» The data:
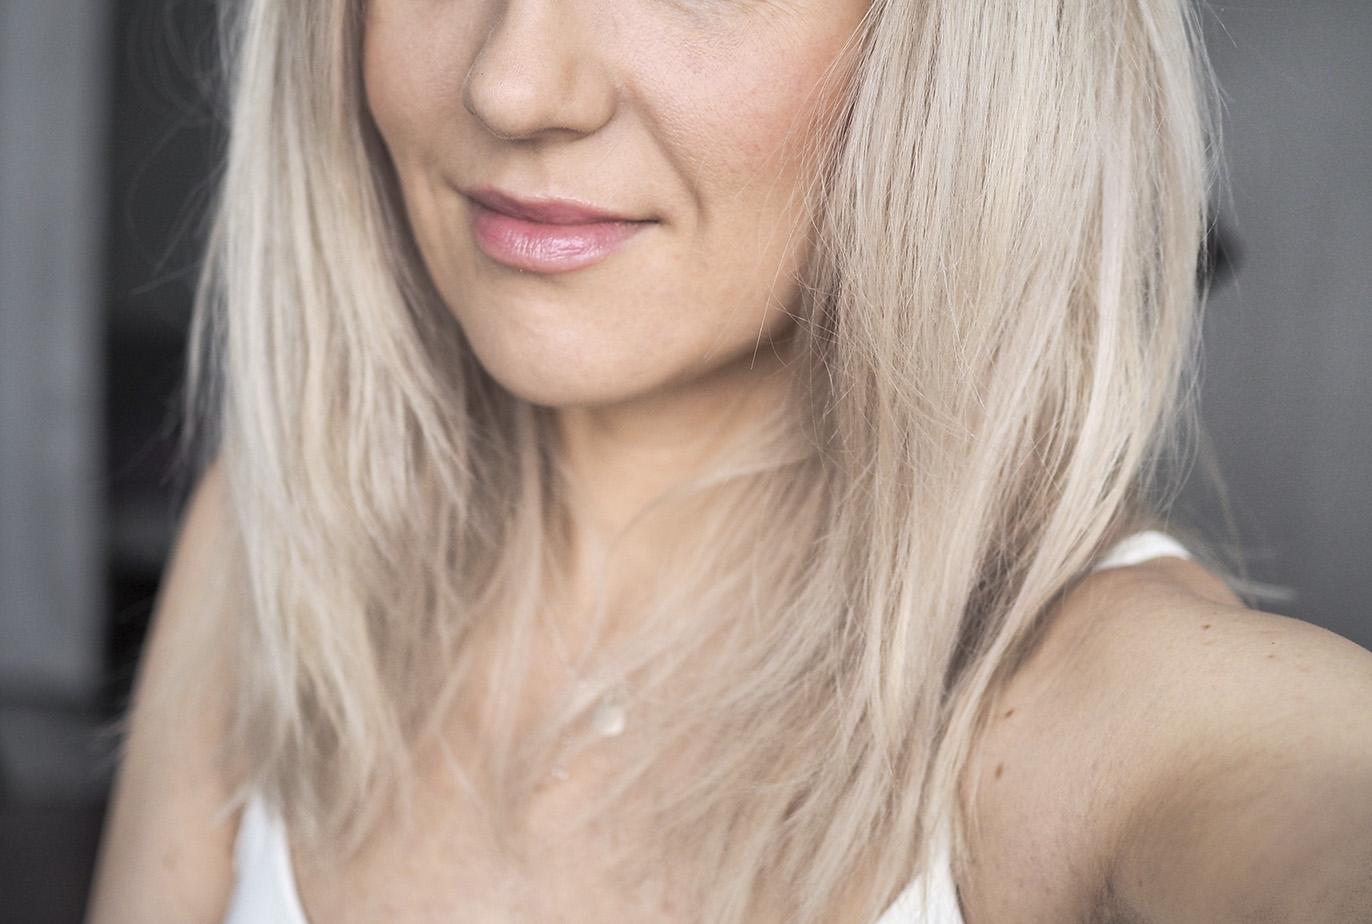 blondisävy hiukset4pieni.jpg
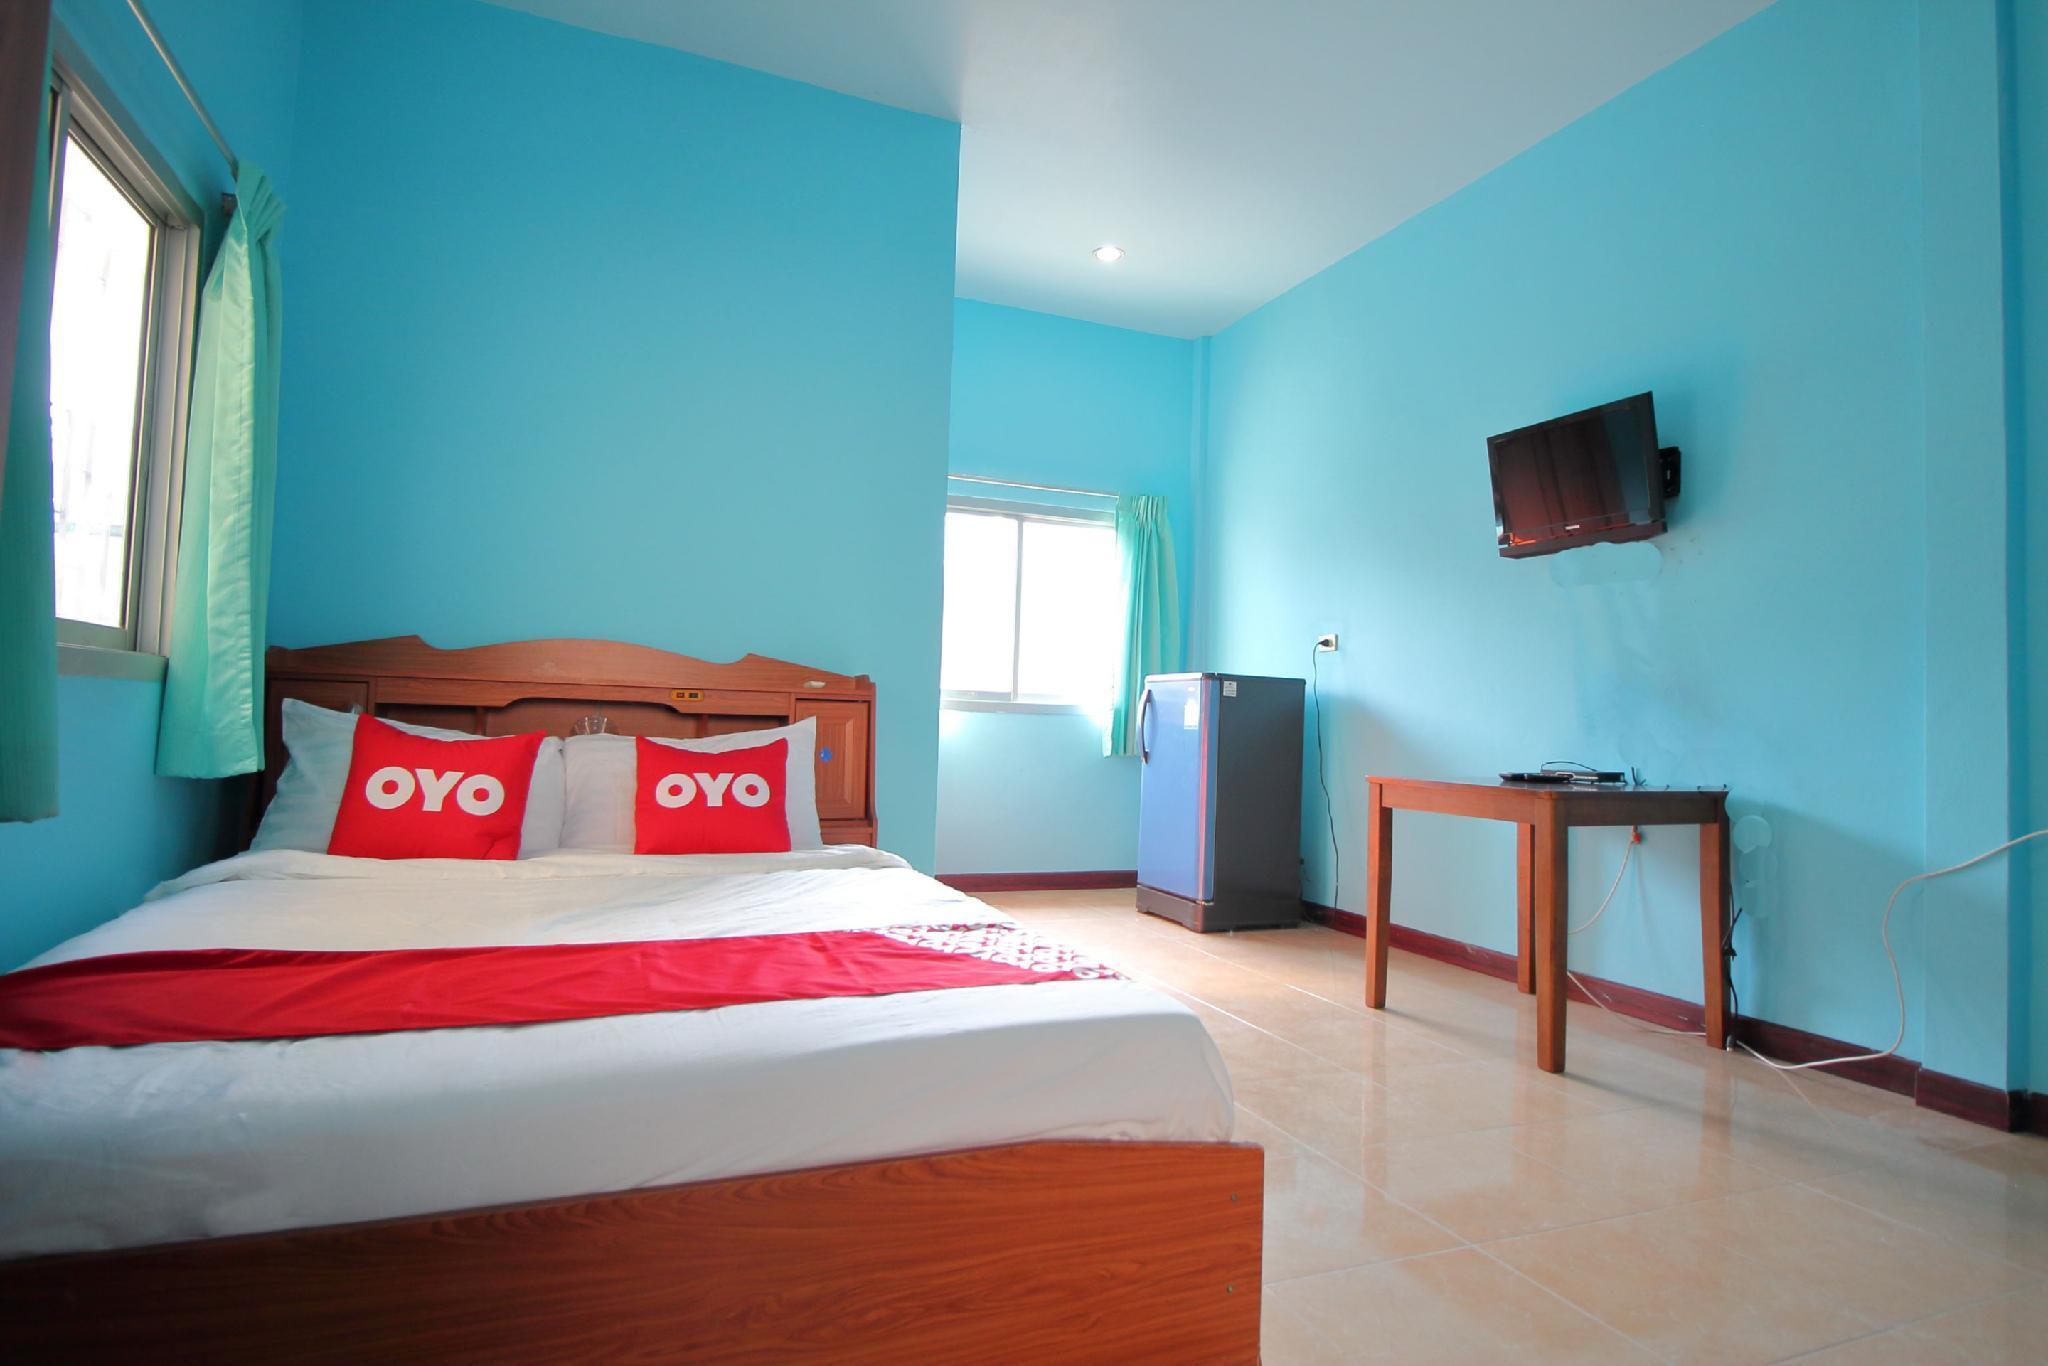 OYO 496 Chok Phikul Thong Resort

--

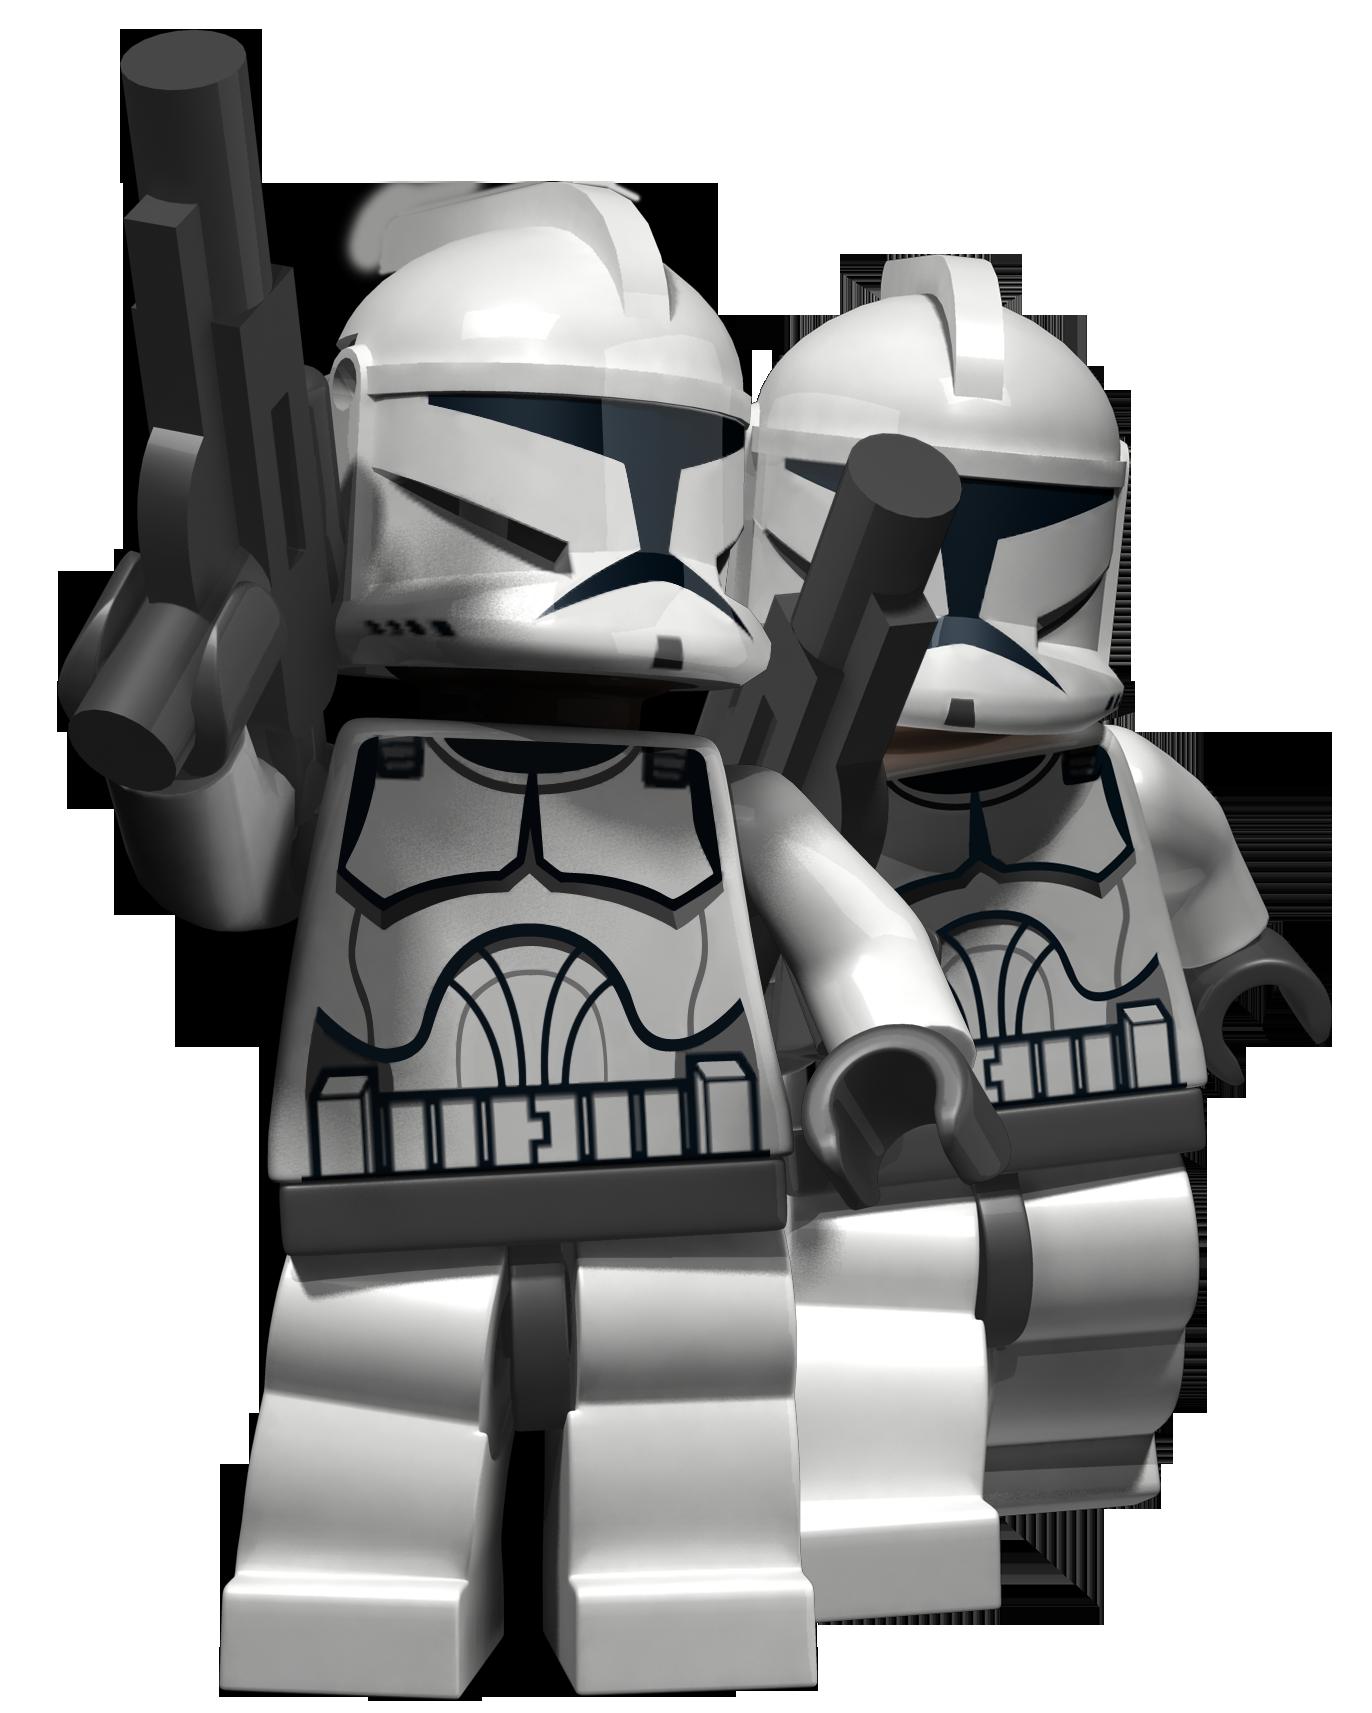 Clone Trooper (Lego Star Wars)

--

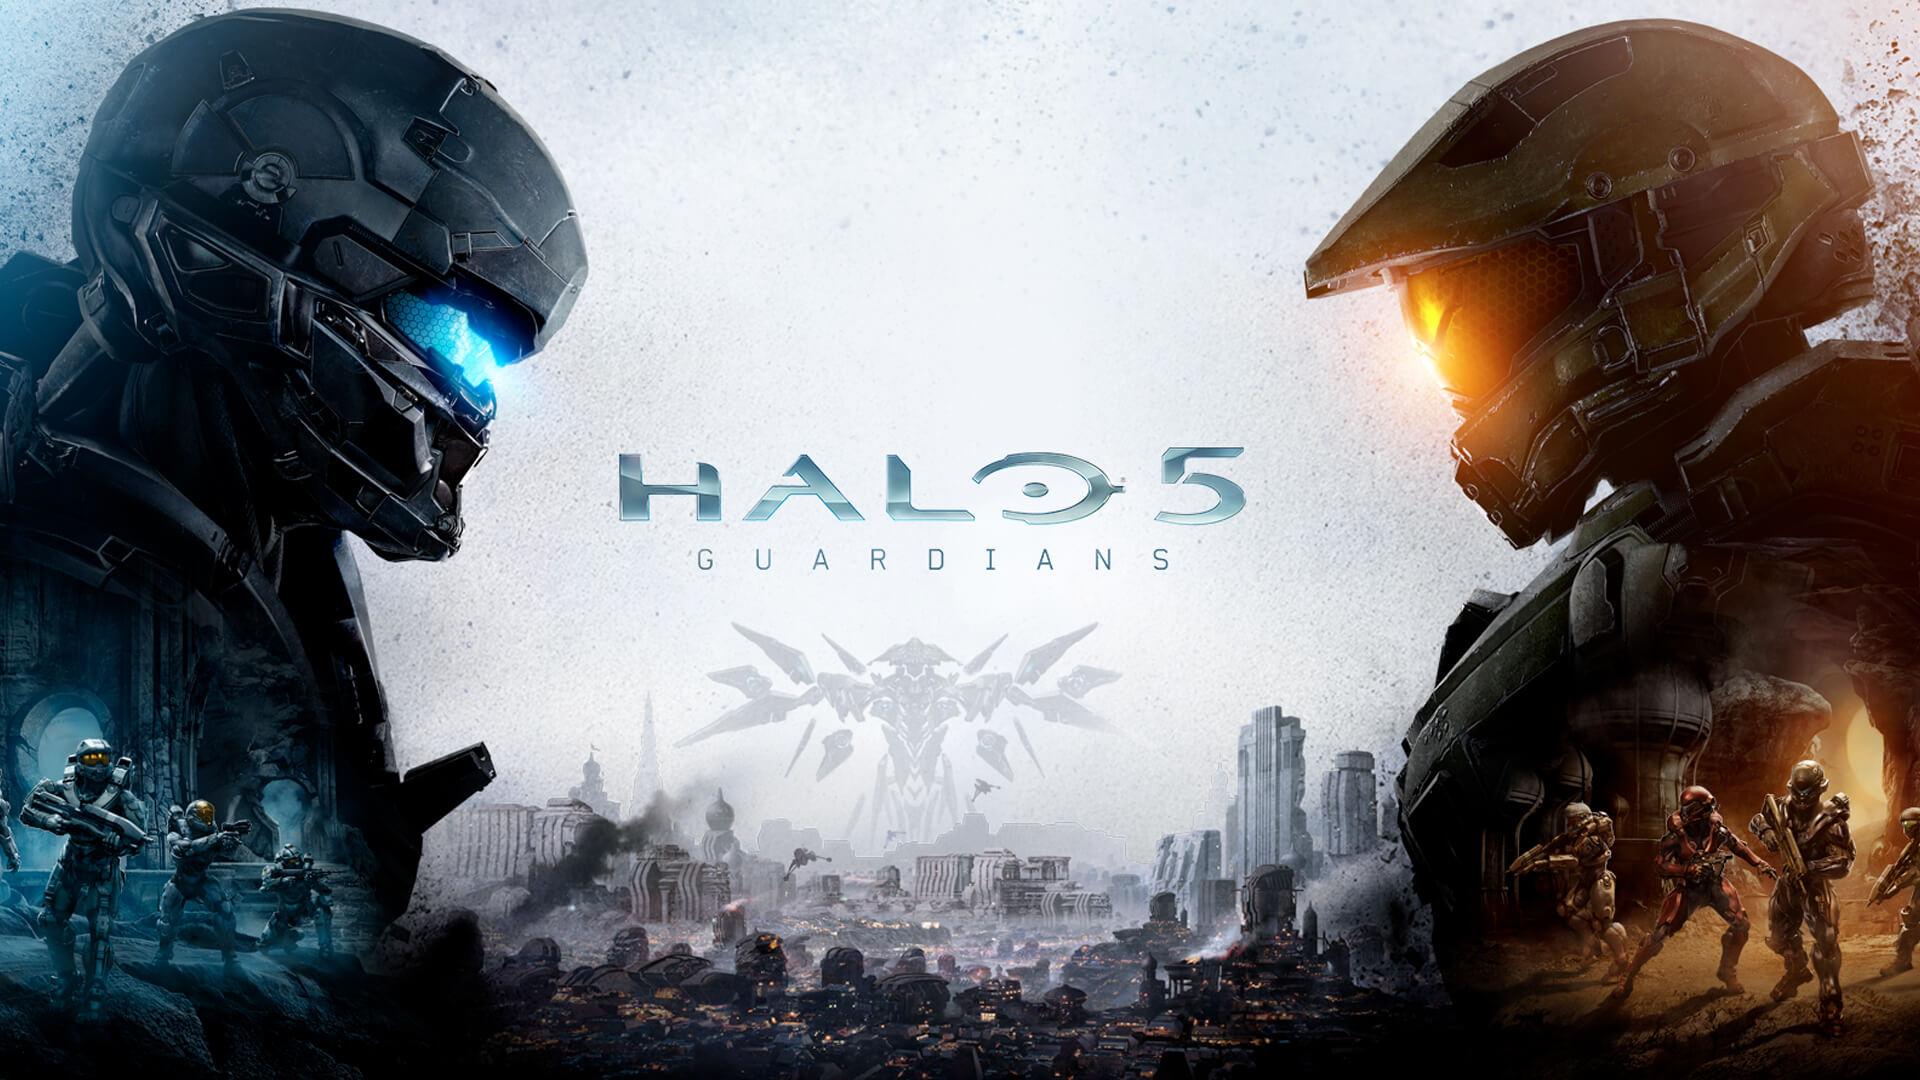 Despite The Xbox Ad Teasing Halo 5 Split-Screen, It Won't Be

» About this exercise:
Of all the material above, only the lines from the one that has "blondisävy hiukset4pieni.jpg" down to the one that has "OYO 496 Chok Phikul Thong Resort" are to be written out, exactly and with both ends included. Pictures are skipped.

» Solution:
 blondisävy hiukset4pieni.jpg
 OYO 496 Chok Phikul Thong Resort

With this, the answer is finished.